Every week Mater Dei Hospital is discharging 50 patients fewer than it admits, according to the Hospital Activity Report for the first six months of this year.

It also indicates a seven per cent increase in patients at the emergency department during the first semester.

The report, which the Nationalist Party said the government had failed to release, indicates unprecedented crowding at Malta’s only general hospital, health shadow minister Claudette Buttigieg said.

“These figures show management at Mater Dei is nonexistent and that the government has managed to increase the problems at the general hospital instead of solving them as it promised,” she said.

Accusing the government of giving wrong information and of hiding the truth, the PN shadow minister asked why the government has stopped publishing hospital statistics.

“The result of all the mismanagement is clear for all. Never in the history of Mater Dei were patients left in the corridors during the summer months,” she said. “This summer, this has become the order of the day.”

Acting CEO Joseph Zarb Adami had already expressed concern to the Times of Malta over the “unprecedented” overcrowding at Mater Dei, which he believed could be due to an unusually high number of people admitted for elective surgeries.

According to the report released yesterday, 45,145 admissions were registered between January and June, an increase of two per cent over last year. However, planned surgeries only increased by 91 during the first six months of the year, prompting Ms Buttigieg to accuse the government of “lying” when it attributed the crowding problem to more elective surgeries.

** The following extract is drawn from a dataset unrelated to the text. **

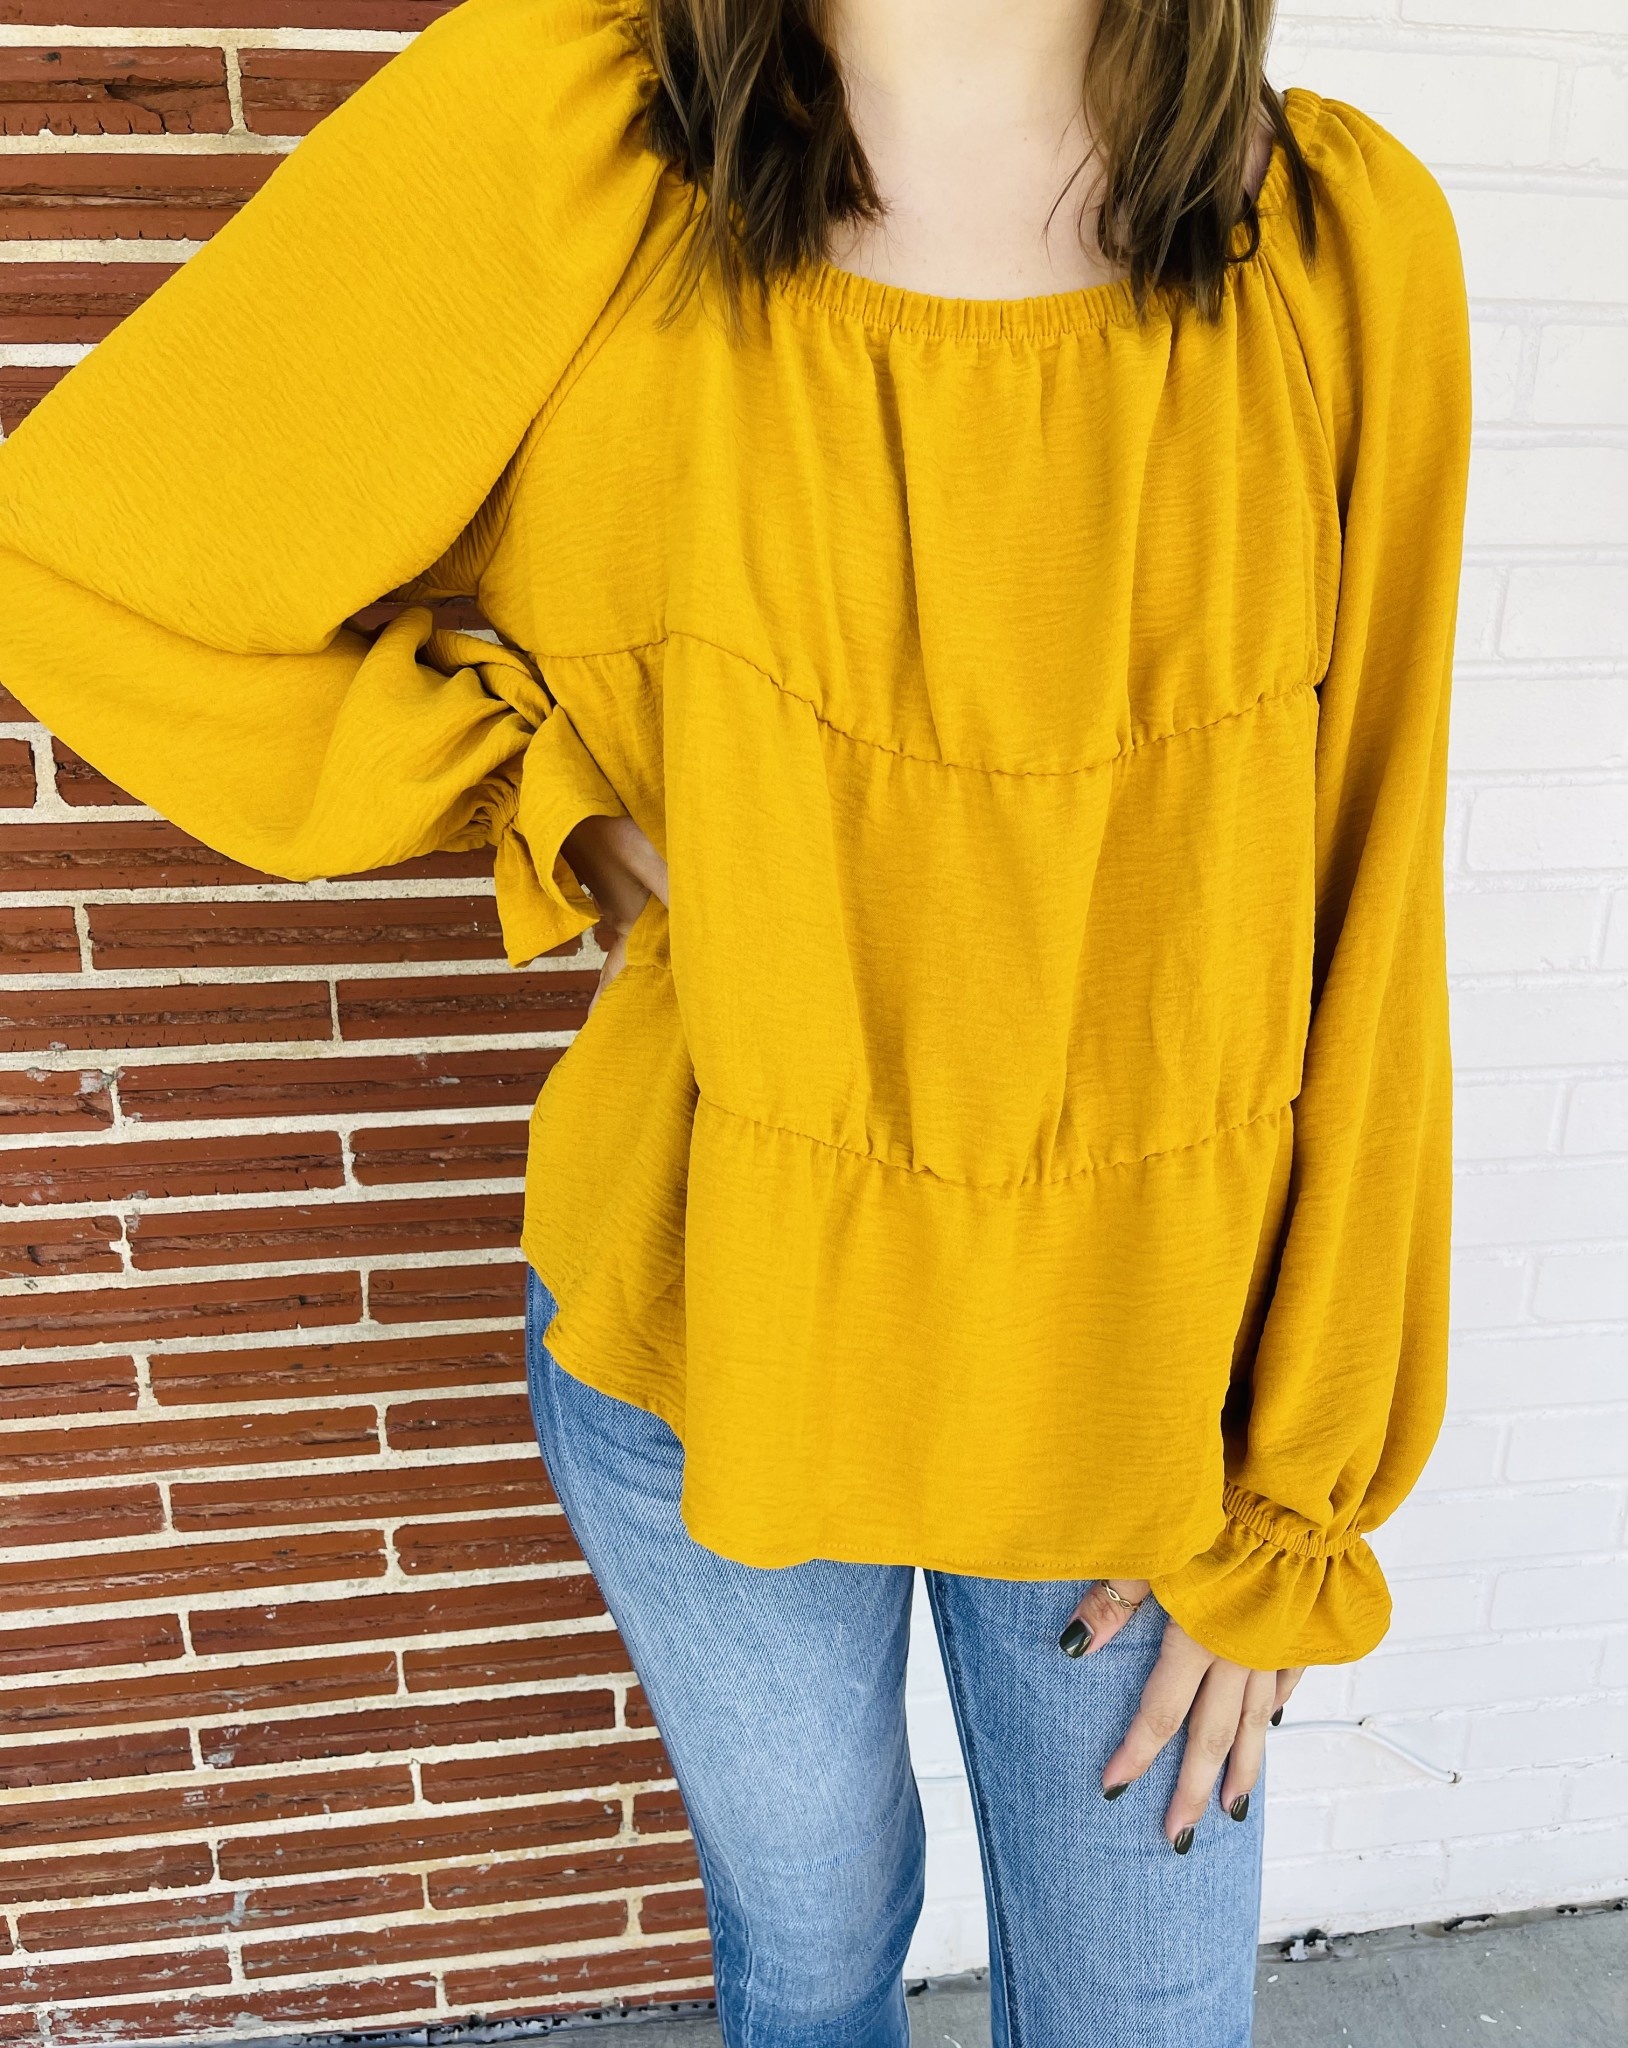 GeeGee Tiered Top with Ruffle Cuff - Mustard - COVINGTON CHARM

“The public is fast losing faith in the public health service,” Ms Buttigieg said, urging the government to get its act together.

In a reaction, the government said the report, which the PN claimed was kept under wraps, was nothing more than an internal document that had long been drawn up by successive administrations and used by management to evaluate hospital operations.

It blamed the problem of patients in corridors on the previous Nationalist government, which had not catered to the people’s needs. It was not true this was the first summer to see such a phenomenon, it added, giving figures for 2011 and 2012.

The government also listed the measures it was taking to solve the problems in the health sector, such as the building of a new medical admissions unit hosting 368 beds, turning Karin Grech into a geriatric hospital and St Luke’s into a rehabilitation hospital.

The number of operations being done had increased substantially and out-of-stock medicines were few, it said. Waiting lists were reduced and primary care bolstered.